Оленька слушала с улыбкой, раз поперхнулась водой от смеха. Оленька хотя и поздновато из-за войны, в двадцать восемь лет была наконец счастлива-счастлива-счастлива и всем прощала всё, пусть каждый добывает себе счастье как может. У неё был возлюбленный, тоже аспирант, и сегодня вечером он должен был зайти за ней и увести.
— Я говорю: вы, испанцы, вы так высоко ставите честь человека, но если вы поцеловали меня в губы, то ведь я обесчещена!
Привлекательное, хотя и жестковатое лицо светловолосой Люды передало отчаяние обесчещенной девушки.
Худенькая Эржика всё это время, лёжа, читала «Избранное» Галахова. Эта книга раскрывала перед ней мир высоких светлых характеров, цельность которых поражала Эржику. Персонажей Галахова никогда не сотрясали сомнения — служить родине или не служить, жертвовать собой или не жертвовать. Сама Эржика по слабому знакомству с языком и обычаями страны ещё не видела таких людей тут, но тем более важно было узнавать их из книг.
И всё-таки она опустила книгу и перекатясь на бок, стала слушать также и Люду. Здесь, в 318-й комнате, ей приходилось узнавать противоположные удивительные вещи: то инженер отказался ехать на увлекательное сибирское строительство, а остался в Москве продавать пиво; то кто-то защитил диссертацию и вообще не работает. ( «Разве в Советском Союзе бывают безработные?») То, будто, чтобы прописаться в Москве, надо дать большую взятку в милицию. «Но ведь это — явление моментальное?»— спрашивала Эржика. (Она хотела сказать — временное.) Люда досказывала о поэте, что если выйдет за него замуж, то уж теперь ей нет выхода — надо правдоподобно изобразить, что она-таки была невинна. И стала делиться, как именно собирается представить это в первую ночь.
Змейка страдания прошла по лбу Музы. Неделикатно было бы открыто заткнуть пальцами уши. Она нашла повод отвернуться к своей кровати.

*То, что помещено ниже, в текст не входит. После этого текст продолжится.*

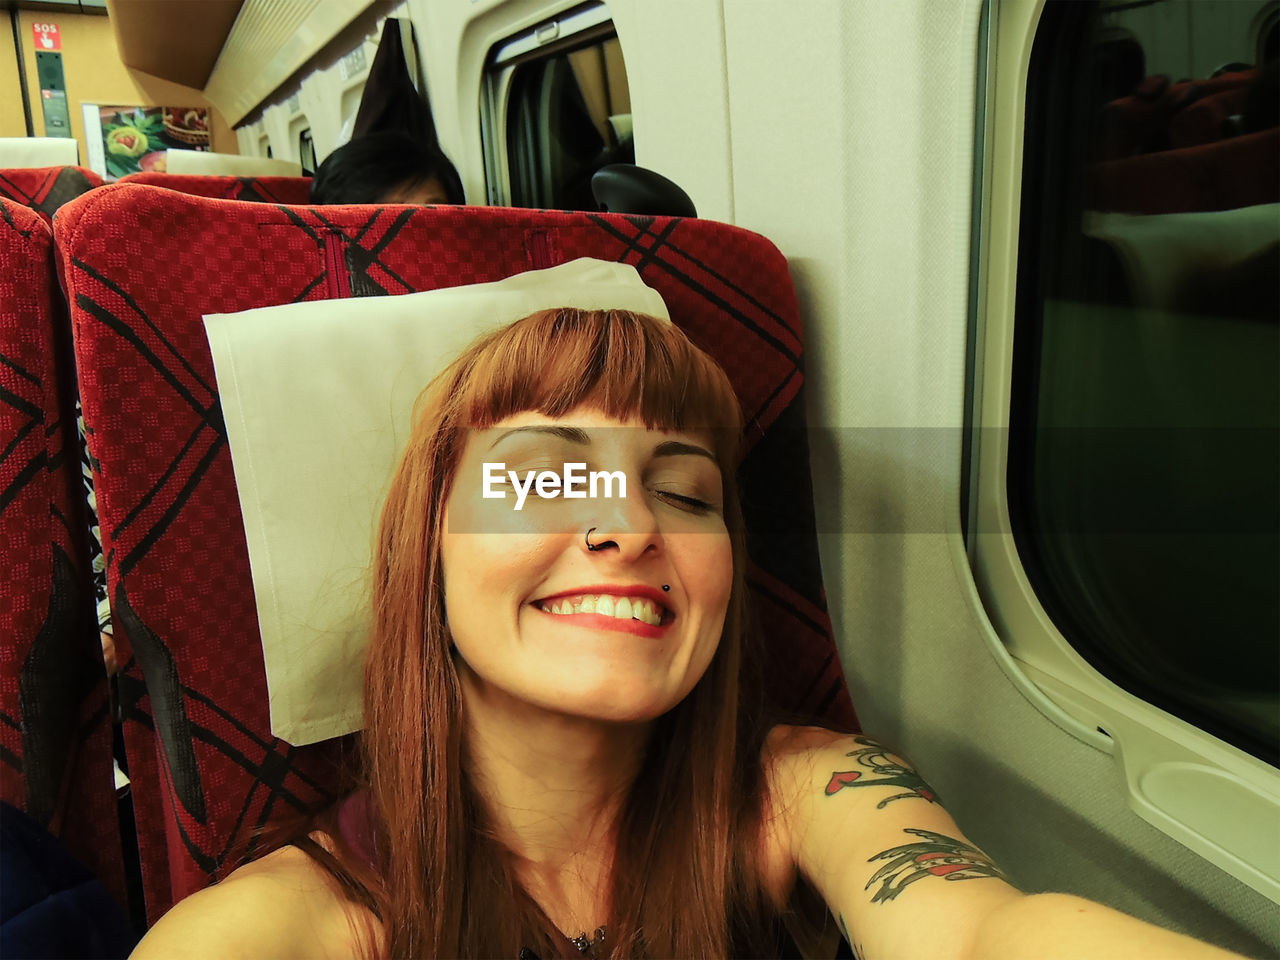 Self-portrait of a young traveler with red straight hair smiling with eyes closed inside of a train

Оленька же весело воскликнула:
— Так героини мировой литературы совершенно зря каялись перед женихами и кончали с собой?
— Конечно ду-у-уры! — смеялась Люда. — А это так просто!
Вообще же Люда сомневалась, выходить ли за поэта:
— Он не член ССП, пишет всё на испанском, и как у него будет дальше с гонорарами? — ничего твёрдого!
Эржика была так поражена, что спустила ноги на пол.
— Как? — спросила она. — И ты… ив Советском Союзе тоже выходят замуж по счёту?
— Привыкнешь — поймёшь, — тряхнула Люда головой перед зеркалом. Все папильотки уже были сняты, и множество белых завившихся локонов дрожало на её голове. Одного такого колечка было довольно, чтобы окольцевать юношу-поэта.
— Девочки, я делаю такое выведение… — начала Эржика, но заметила странный опущенный взгляд Музы на пол близ неё — и ахнула — и вздёрнула ноги на кровать.
— Что? Пробежала? — с искажённым лицом крикнула она.